Part of the weight loss journey is diet – consuming nutrient dense, whole foods that fuel your body and power your brain!

Protein plays a key role here, as it has an effect on a number of hormones. Protein stimulates production of the growth hormones IGF-1 and glucagon. IGF-1 increases muscle mass and glucagon promotes the burning of fat to provide energy.

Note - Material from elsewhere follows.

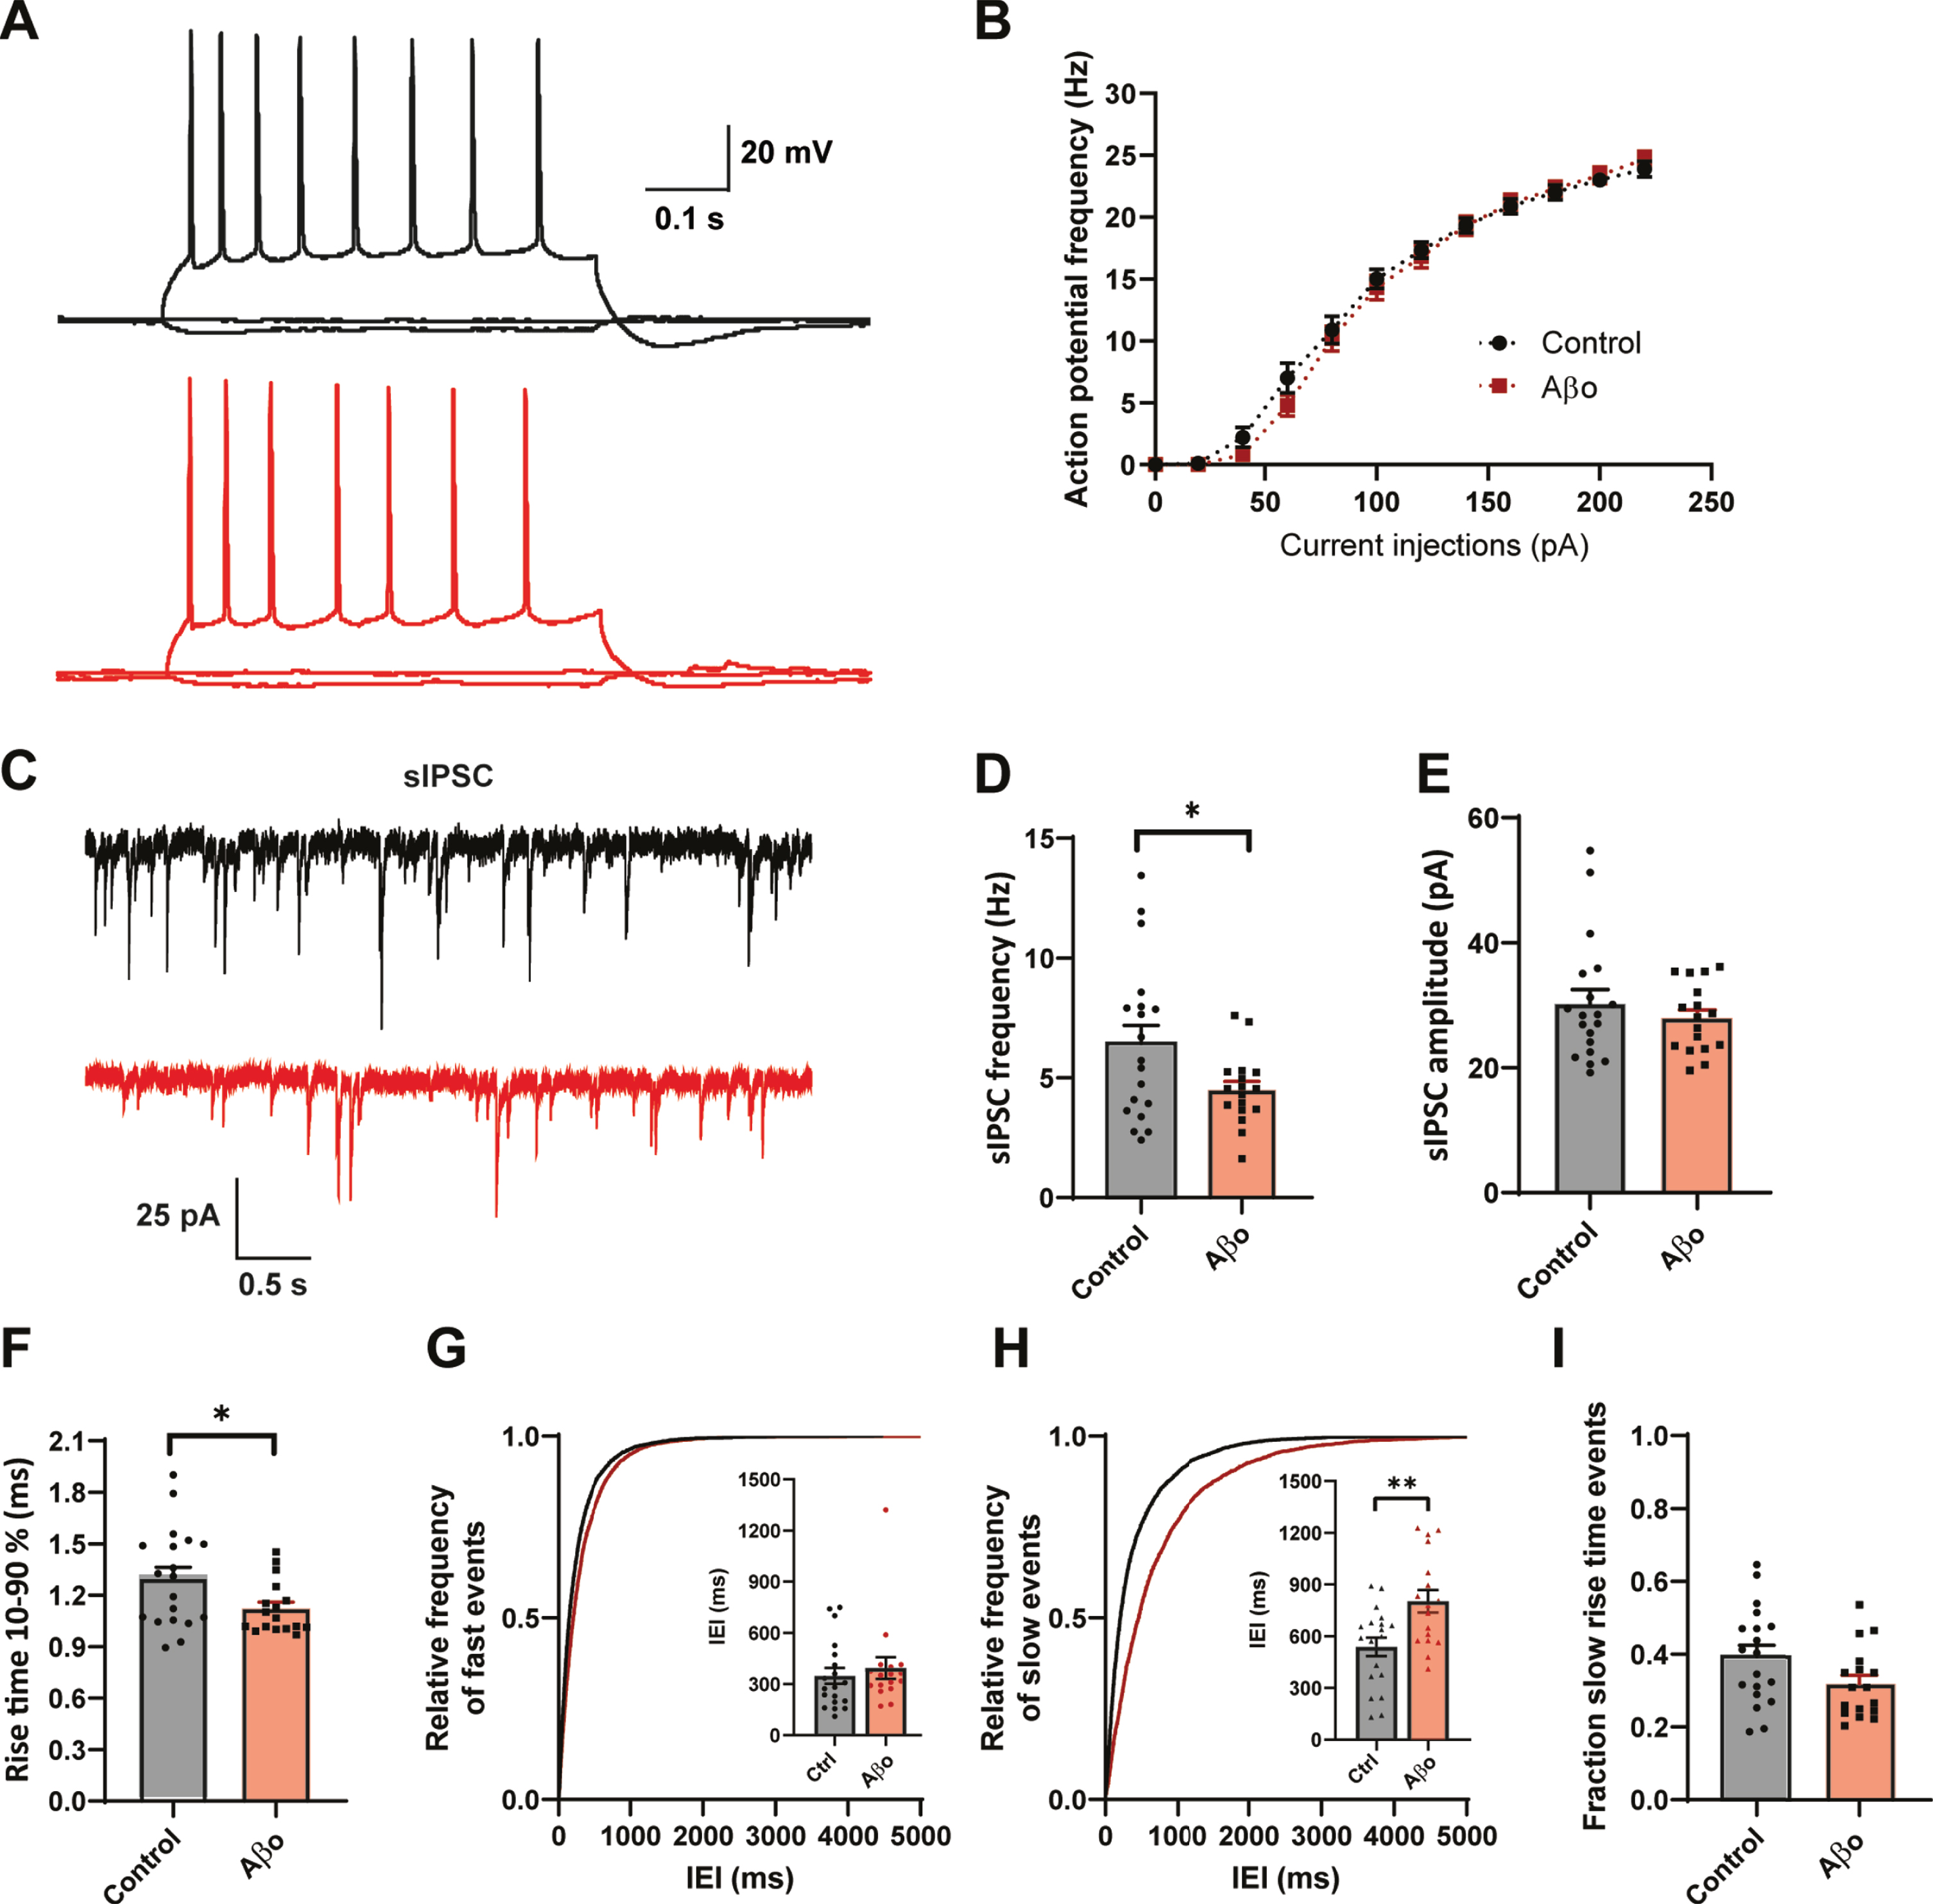 24 h Aβ oligomer treatment reduces dendritic inhibition in organotypic hippocampal slices. A) Example traces of action potentials after current injections. B) No change in action potential firing rates in control slices (black, n = 20, N = 6) and Aβ-treated slice (red, n = 18, N = 6) with increasing current injections. C) Representative sIPSC recording from control (black) and Aβ-oligomer treated (red) slices. D, E) Aβ reduces sIPSC frequency (D; p = 0.028, t), but leaves sIPSC amplitude (E; p = 0.40, t) unchanged. F) Rise time of sIPSCs was faster in the Aβ-treated slices (p = 0.029, t). G, H) Cumulative distribution of inter-event intervals (IEIs) of fast rise time (G) and slow rise time (H) events (p = 0.82 and p = 0.003, Sidak). The inserts show the mean IEI (I) Fraction of sIPSCs with slow rise times in Aβ-treated and control slices (p = 0.08, t). (Data in C–I: control n = 21, N = 6 Aβ n = 20, N = 6).

Glucagon’s main function is to increase blood sugar if it’s falling (from fasting or calorie deficit) – and when it’s released, the effect is less fat storage and increased fat burn.

Here are 3 delicious recipes that include sufficient amounts of protein along with healthy fats, fiber, and essential nutrients to help optimize your metabolism.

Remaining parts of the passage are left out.